Rabu, 21 November 2012

Masyarakat Plural dalam Kajian Politik Etnik

Bidang yang paling menampakkan adanya perpaduan antara masyarakat plural dalam kajian politik etnik adalah dalam bidang politik. Banyak sisi perpolitikan kita yang memperlihatkan kaum minoritas dan mayoritas. Perbedaan itu ditujukan oleh perbedaan kesukuan. Indonesia memang terdiri dari ratusan suku bangsa.

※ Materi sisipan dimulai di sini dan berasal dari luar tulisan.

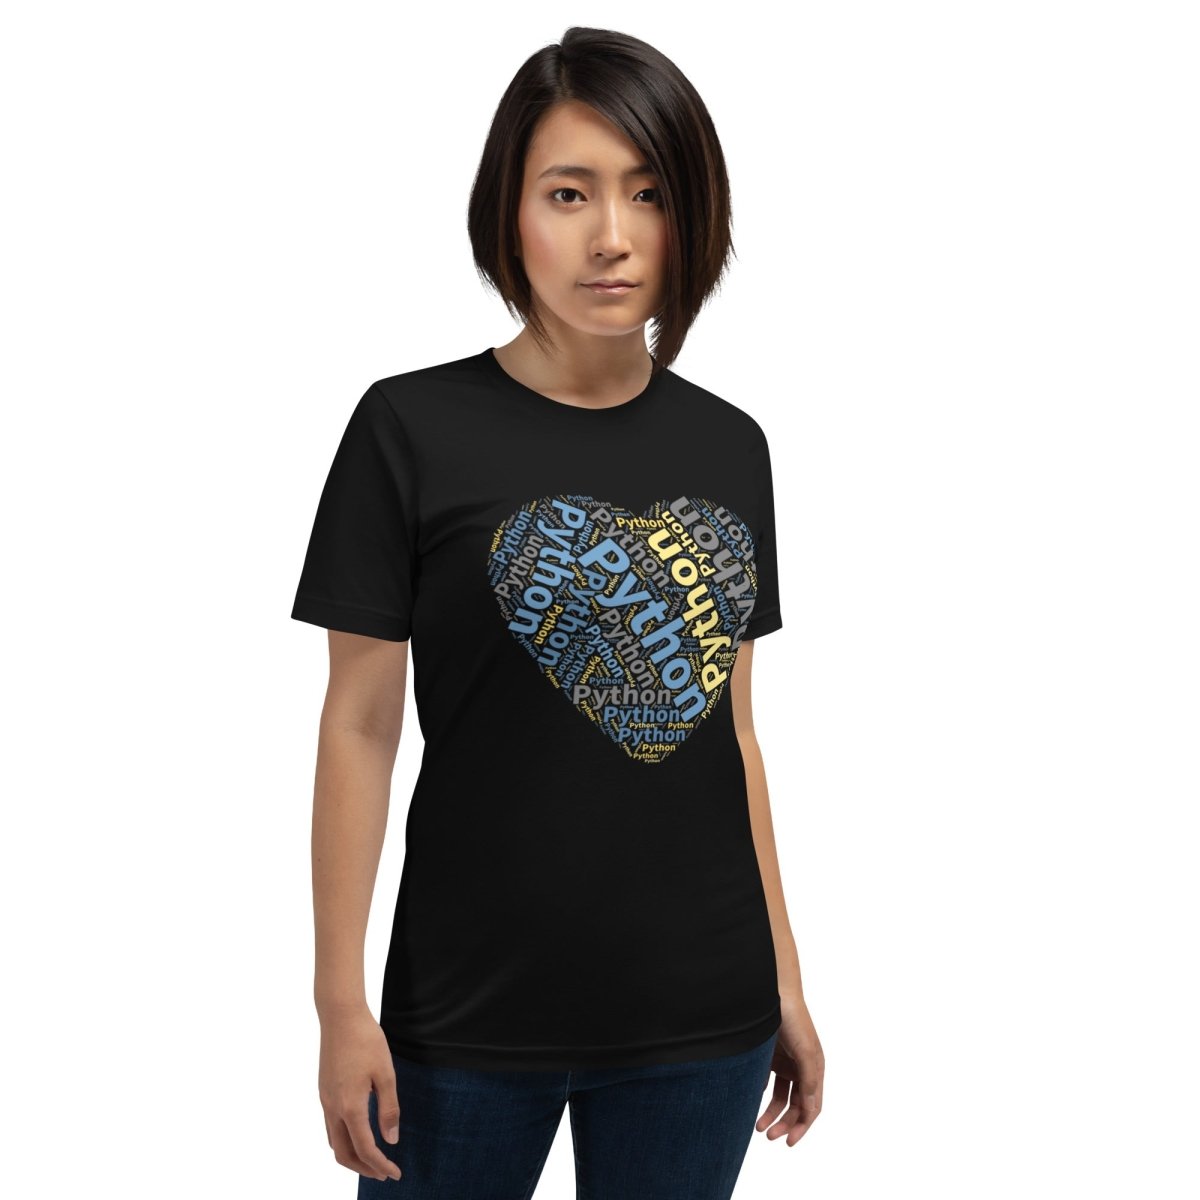 Python Heart Word Cloud T - Shirt (unisex) - Black - AI Store

Kita ambil salah satu contonya di bidang Dewan Perwakilan Rakyat (DPR) daerah yang paling banyak menampilkan perwakilannya adalah dari suku Jawa. Berbagai hal dapat menjadi alasan persepsi ini. Karena faktor memang banyak para pemimpin atau perwakilan birokrasi dari jaman kerajaan sampai pemerintahan penjajah Hindia-Belanda adalah orang Jawa.
Hal ini semakin menunjukkan sebuah jurang perbedaan ataupun ketimpangan antar suku. Dari jaman Hindu-Budha suku Jawa memang sudaah terlihat terdepan atau lebih unggul dibanding suku-suku lain. Alasan lain adalah karena dalam bidang pendidikan, dipulau Jawa memang lebih unggul. Dan dipulau Jawa adalah pusat pemerintahan bangsa kita.
Contoh lain adalah dalam hal pemimpin bangsa yaitu presiden dari Sukarno sampai SBY, semua adalah orang dari suku Jawa. Untuk contoh ini, alasan terkuat namun tidak dapat dibenarkan muncul ditengah masyarakat. Adanya mitos bahwa Presiden bangsa kita haruslah orang Jawa. Nampak tidak relevan dengan zaman sekarang yang sudah modern. Kenapa mitos tersebut terus tumbuh ditengah masyarakat Indonesia.
Di Indonesia saat ini, terdapat kebudayaan politik yang berkembang di masyarakat. Budaya Politik Hirarki yang Tegar. Titik tolak dari budaya ini adalah sebuah pola budaya yang dominan, yang berasal dari kelompok etnis  yang dominan pula yaitu kelompok etnis jawa. Secara lebih spesifik budaya dijabarkan sebagai sebuah anggapan yang berkembang di masyarakat, khususnya dikalangan birokrat. Dimana para birokrat sering kali menampakkan diri dengan self-image atau citra-diri yang bersifat benevolent, yaitu dengan ungkapan sebagai pamong praja yang melindungi rakyat, sebagai pamong atau guru/pendidik bagi rakyatnya. Kalangan ppenguasa harus menampakkan diri sebagai kelompok yang pemurah, baik hati, dan pelindung dari seluruh rakyatnya. Akan tetapi, sebaliknya, kalangan penguasa memiliki persepsi yang merendahkan rakyat. Karena penguasa sudah begitu baik hati maka selayaknya rakyat harus patuh dan melayani rakyat. Menurut analisis Anderson, konsep tentang kekuasaan dalam masyarakat jawa berbeda sekali dengan apa yang dipahami oleh masyarakat barat. Karena bagi masyarakat jawa kekuasaan itu pada dasarnya bersifat konkret, besarannya konstan, sumbernya homogen dan tidak berkaitan dengan persoalan legitimasi. Berbeda hal dengan masyarakat Barat, dimana kekuasaan itu bersifat abstrak dan berasal dari berbagai sumber, seperti uang, harta kekayaan, fisik, kedudukan,asal-usul, dan lain sebagainya.